Roughly 40% of girls and 33% of boys of primary-school age were out of school in Pakistan


Khurram Siddiqui January 20, 2015
Forty one per cent of rural and 26% of urban primary-school age children were out of school. PHOTO: REUTERS

KARACHI: Twice as many Pakistani girls, 43%, as compared to boys, 20%, will never enter school, a joint report by UNESCO and UNICEF found recently. 

The report fount that a total of 121 million children and adolescents have either never started school or dropped out in world (5 million in Pakistan), in spite of the international community’s promise to achieve Education for All by 2015.

Worldwide, one out of every ten children of primary-school age is out of school compared to one in five adolescents.

The joint report Fixing the Broken Promise of Education for All: Findings from the Global Initiative on Out-of-School Children, found that as children get older, the risk that they will never start school or will drop out increases.

Some 63 million young people between the ages of 12 and 15 were denied the right to an education.

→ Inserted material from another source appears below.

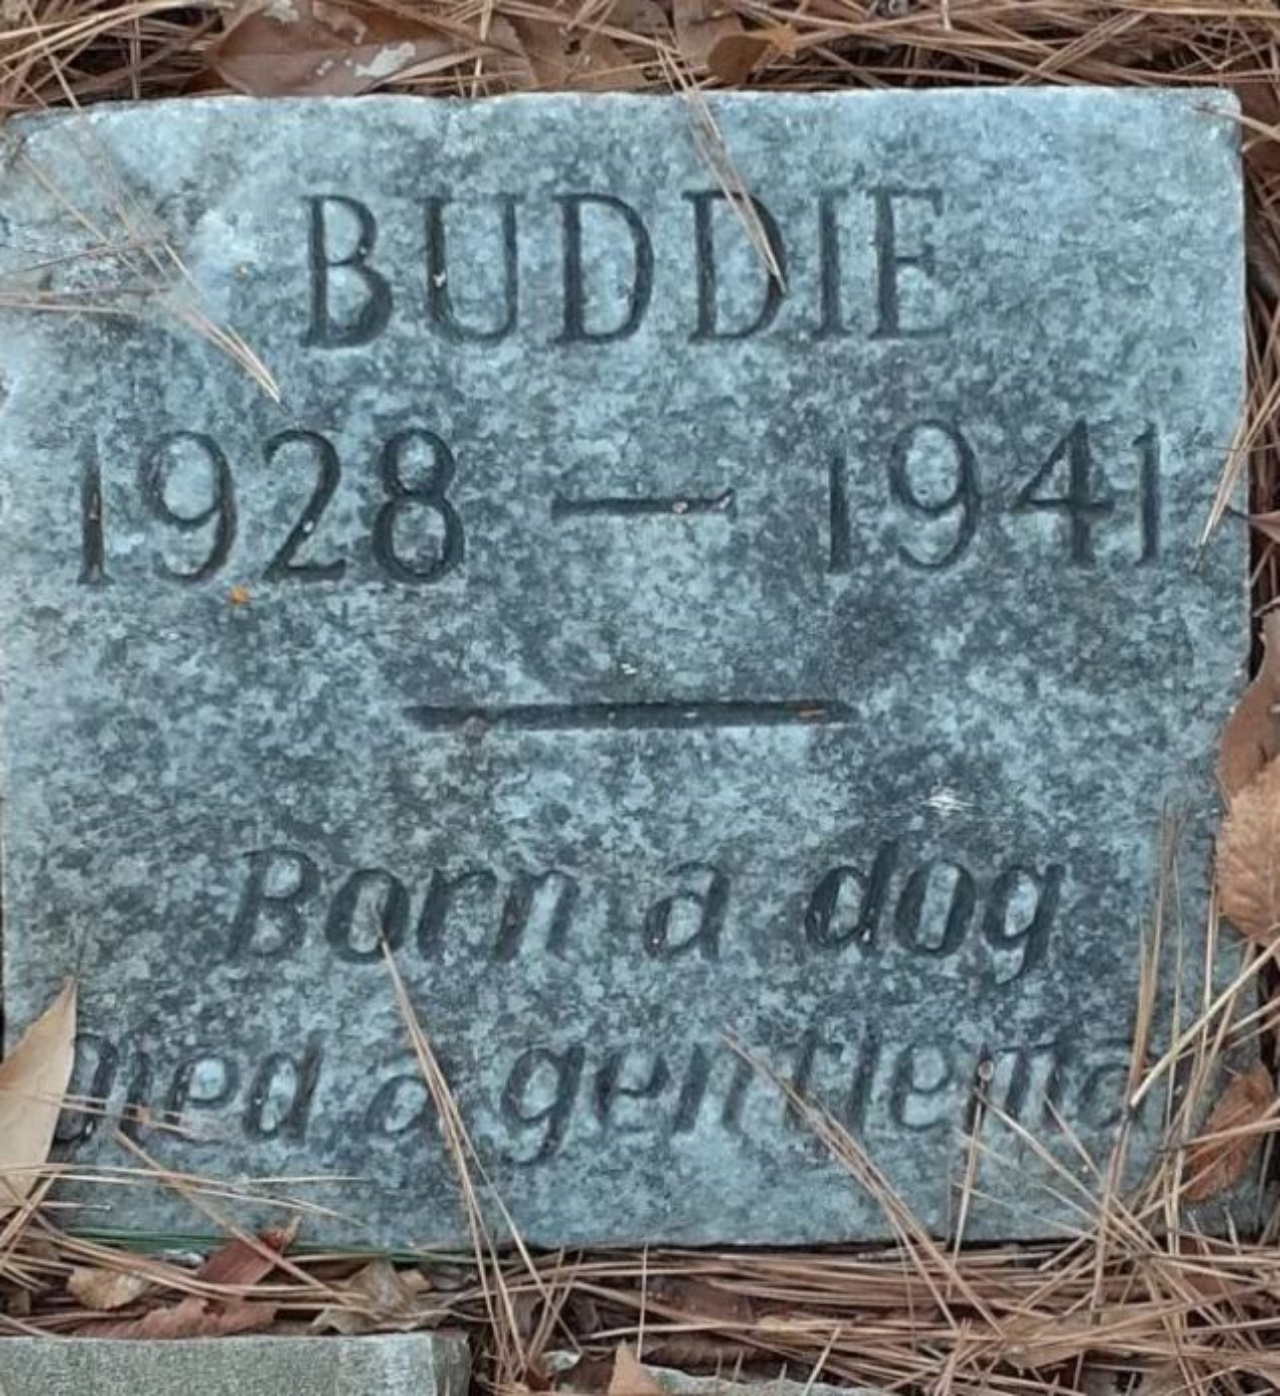 Una lapide a nome Buddie

This means that globally one in five adolescents will be out of school, primarily because they are poor and marginalised.

More girls, than boys out of school in Pakistan

According to UNESCO data, roughly 40% of girls and 33% of boys were out of school in Pakistan, pointing towards a key gender disparity in education.

Forty one per cent of rural and 26% of urban primary-school age children were out of school, with a total of 5 million children out of school. Nearly 71% of the 20 million primary-school age children in Pakistan lived in rural areas.

According to the data, 33% of rural and 22% of urban children will never go to school, while 63% of rural and 74 % of urban children will enter school at a later stage.

The data also found that twice as many girls, 43%, as boys, 20%, will never enter school.